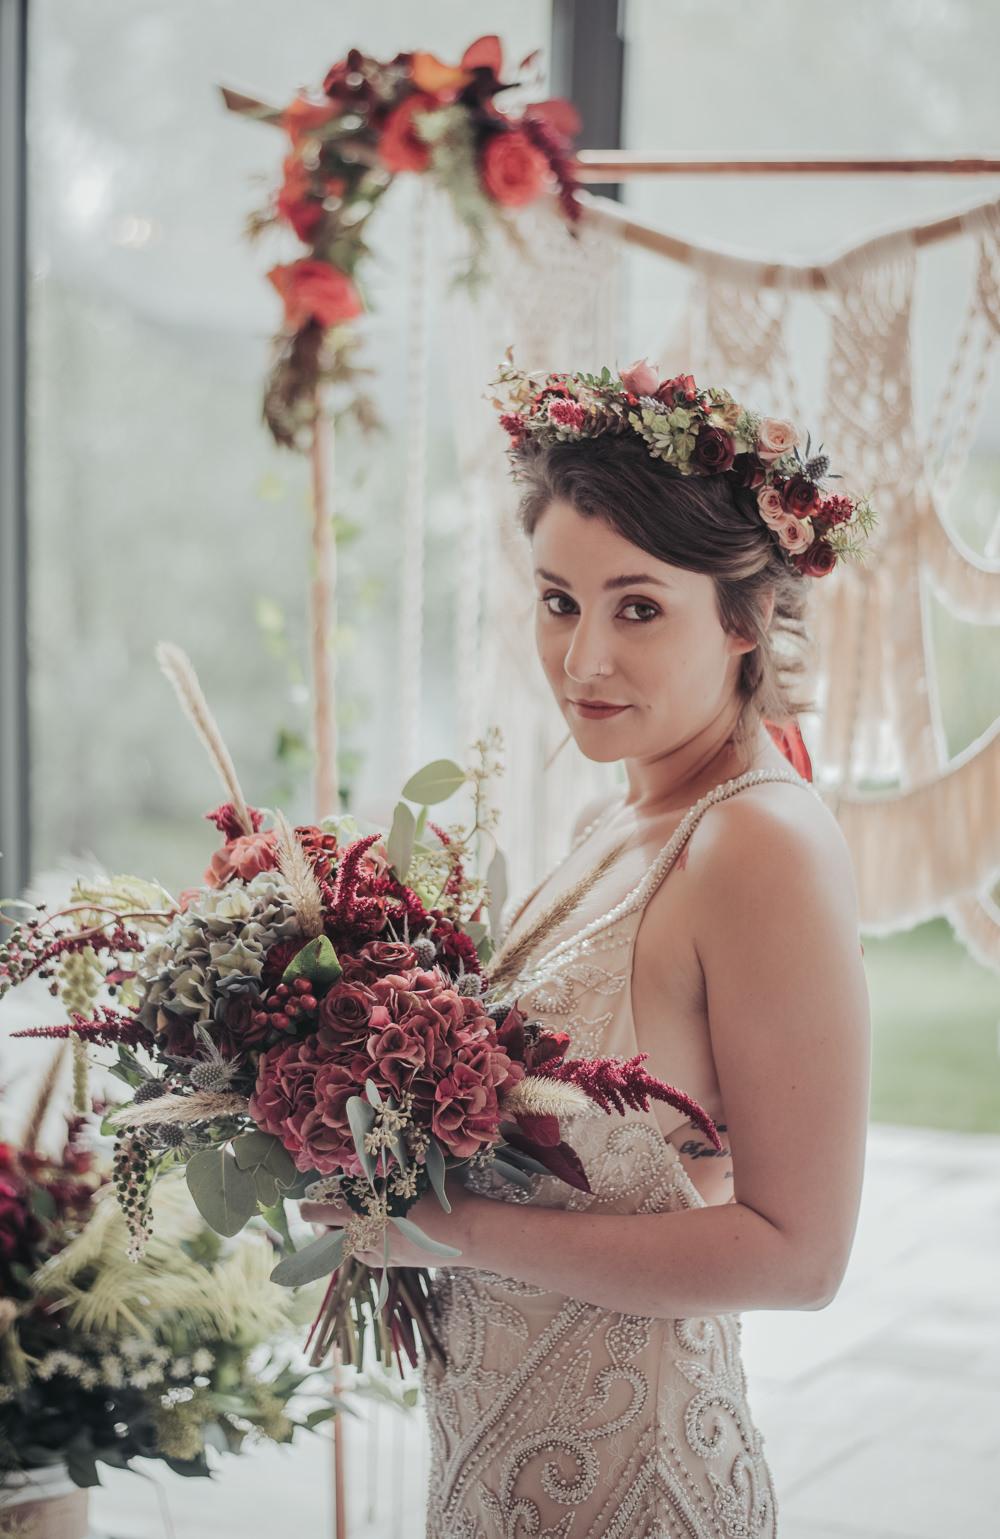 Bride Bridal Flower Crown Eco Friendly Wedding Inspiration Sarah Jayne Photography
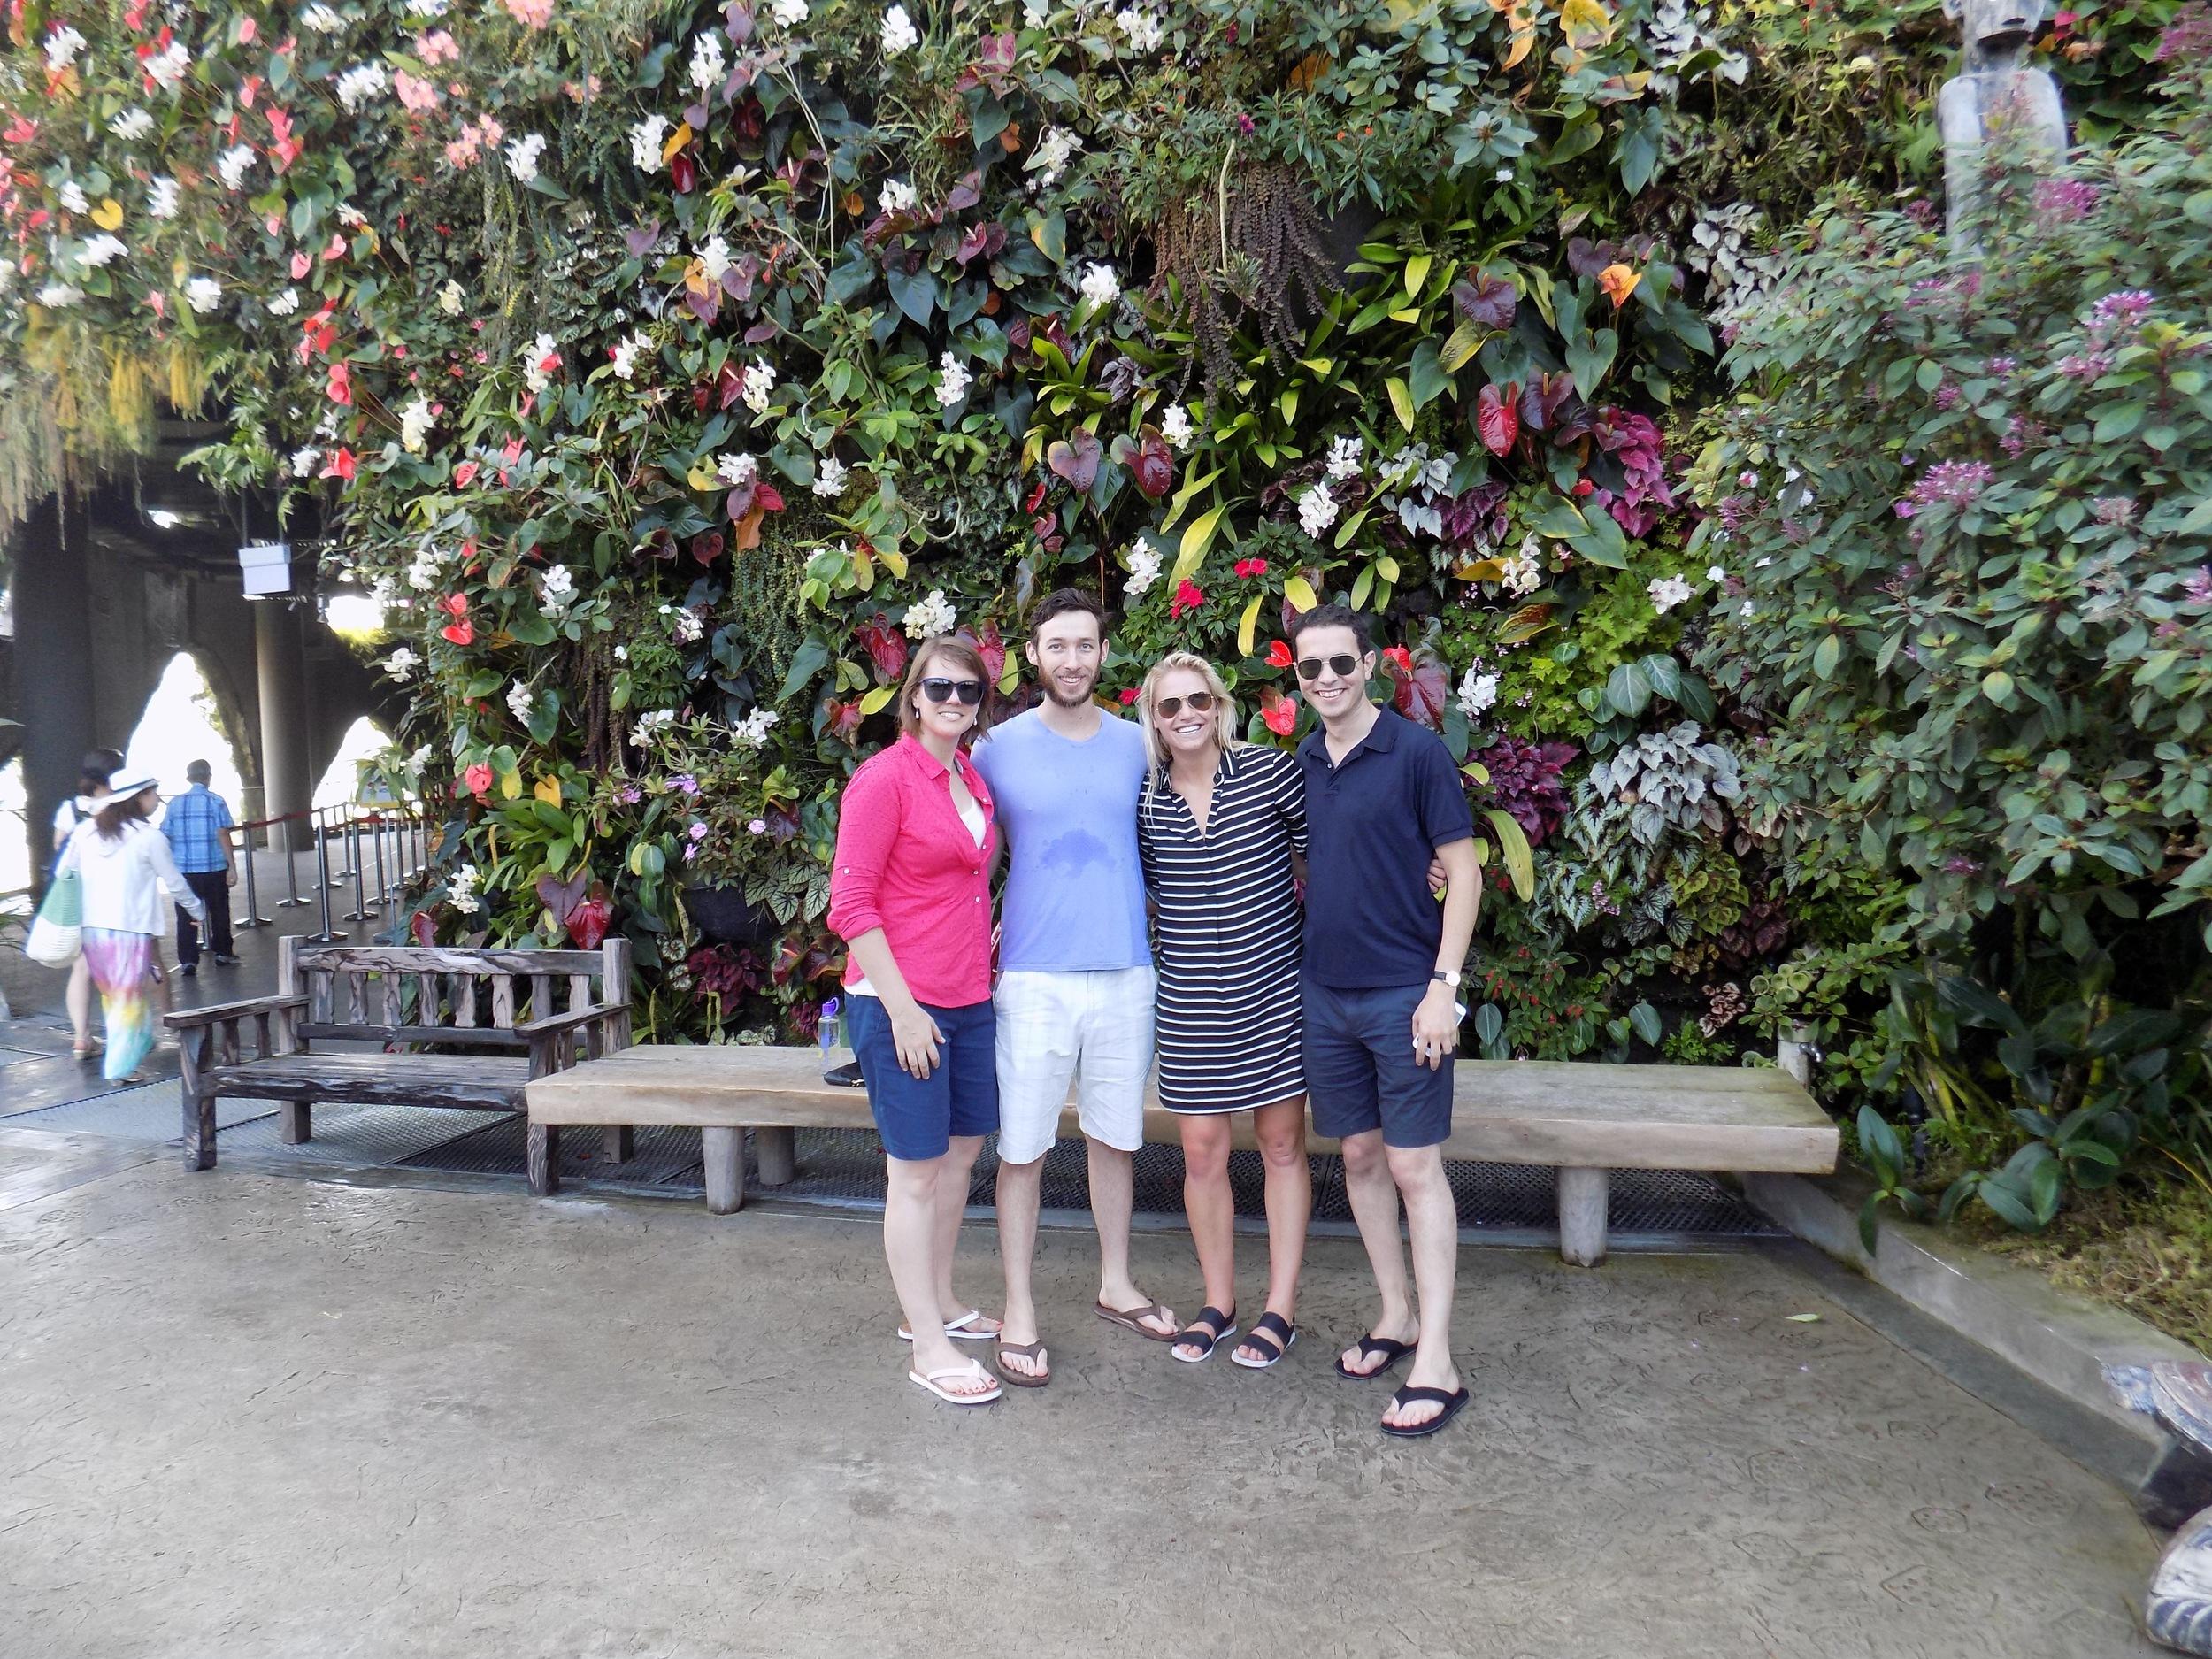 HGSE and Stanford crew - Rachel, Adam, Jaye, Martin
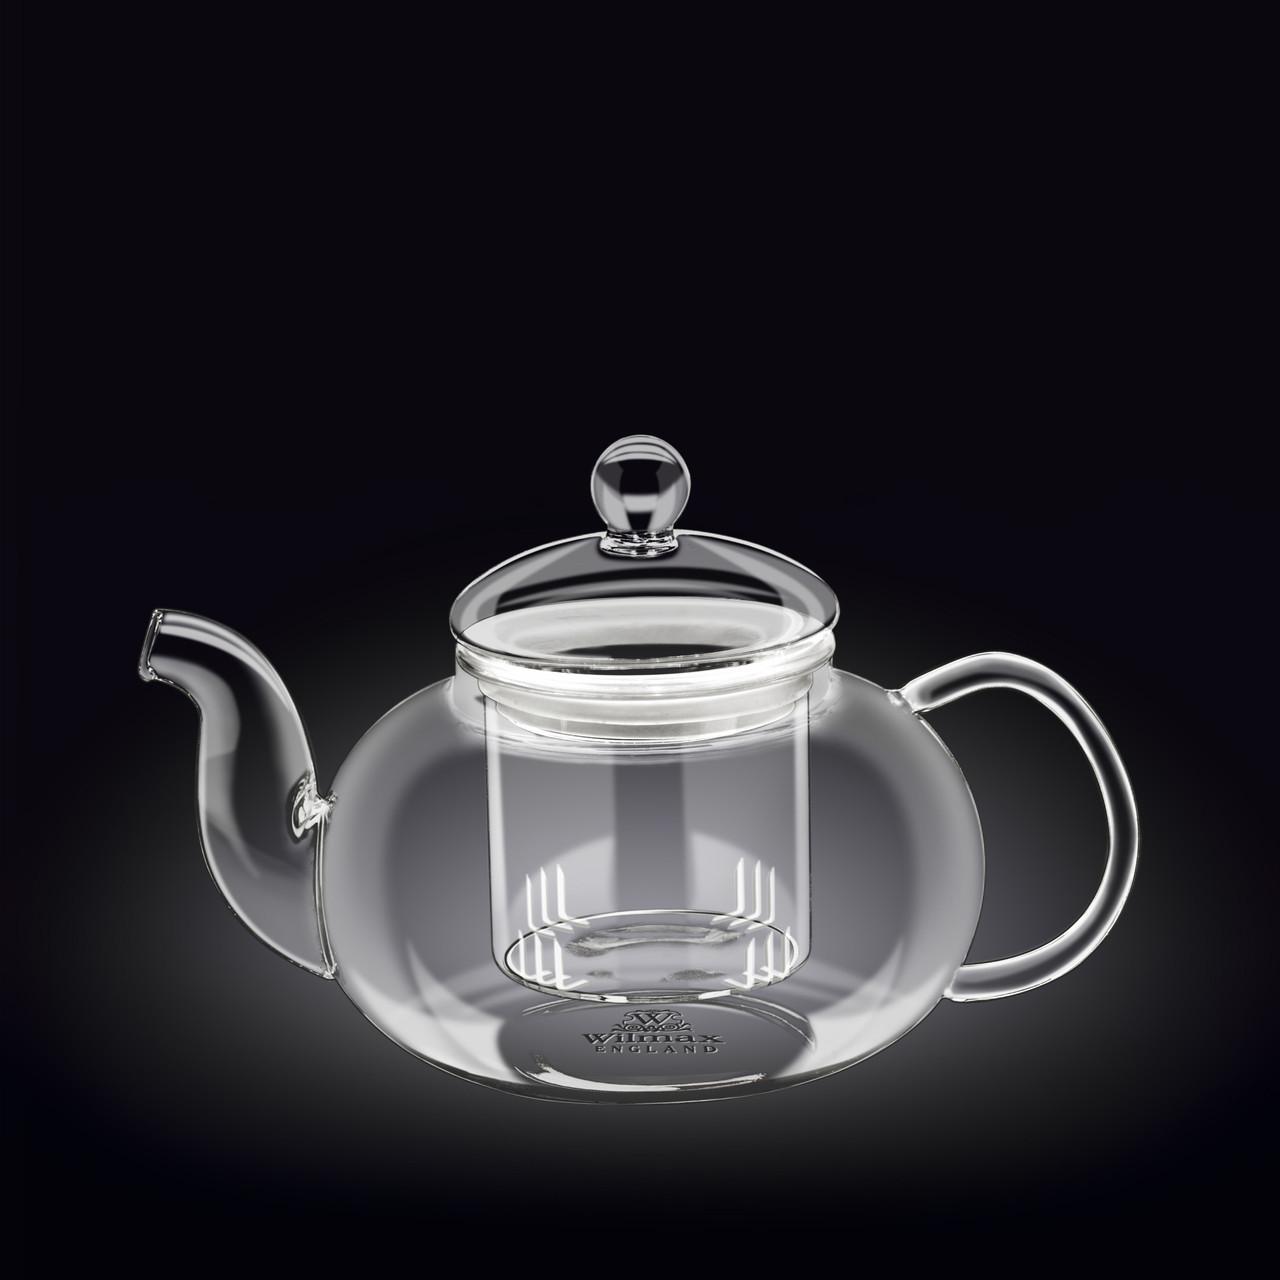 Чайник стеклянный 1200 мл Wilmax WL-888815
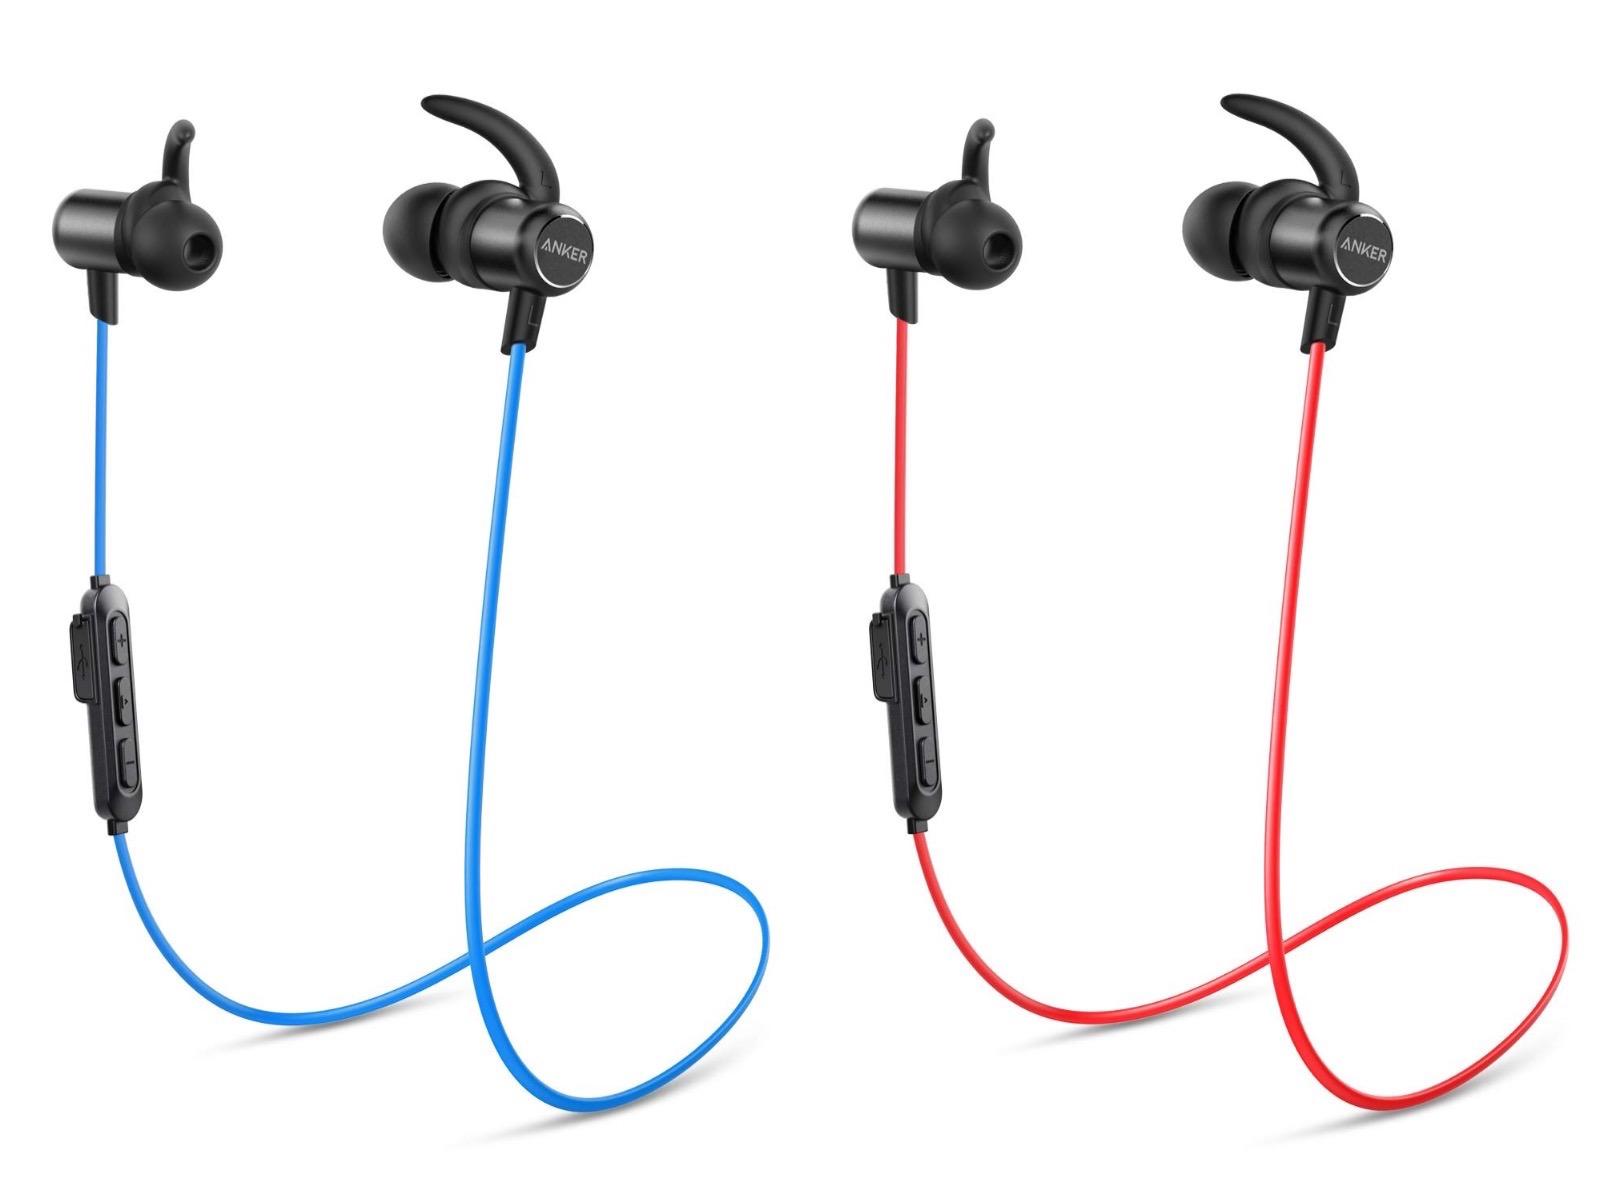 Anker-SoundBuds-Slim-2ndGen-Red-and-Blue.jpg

* YOUR ASSIGNMENT
Set down all the lines above exactly as they appear, with no pictures.

* REPLY
 Bride Bridal Flower Crown Eco Friendly Wedding Inspiration Sarah Jayne Photography
 HGSE and Stanford crew - Rachel, Adam, Jaye, Martin
 Чайник стеклянный 1200 мл Wilmax WL-888815
 Anker-SoundBuds-Slim-2ndGen-Red-and-Blue.jpg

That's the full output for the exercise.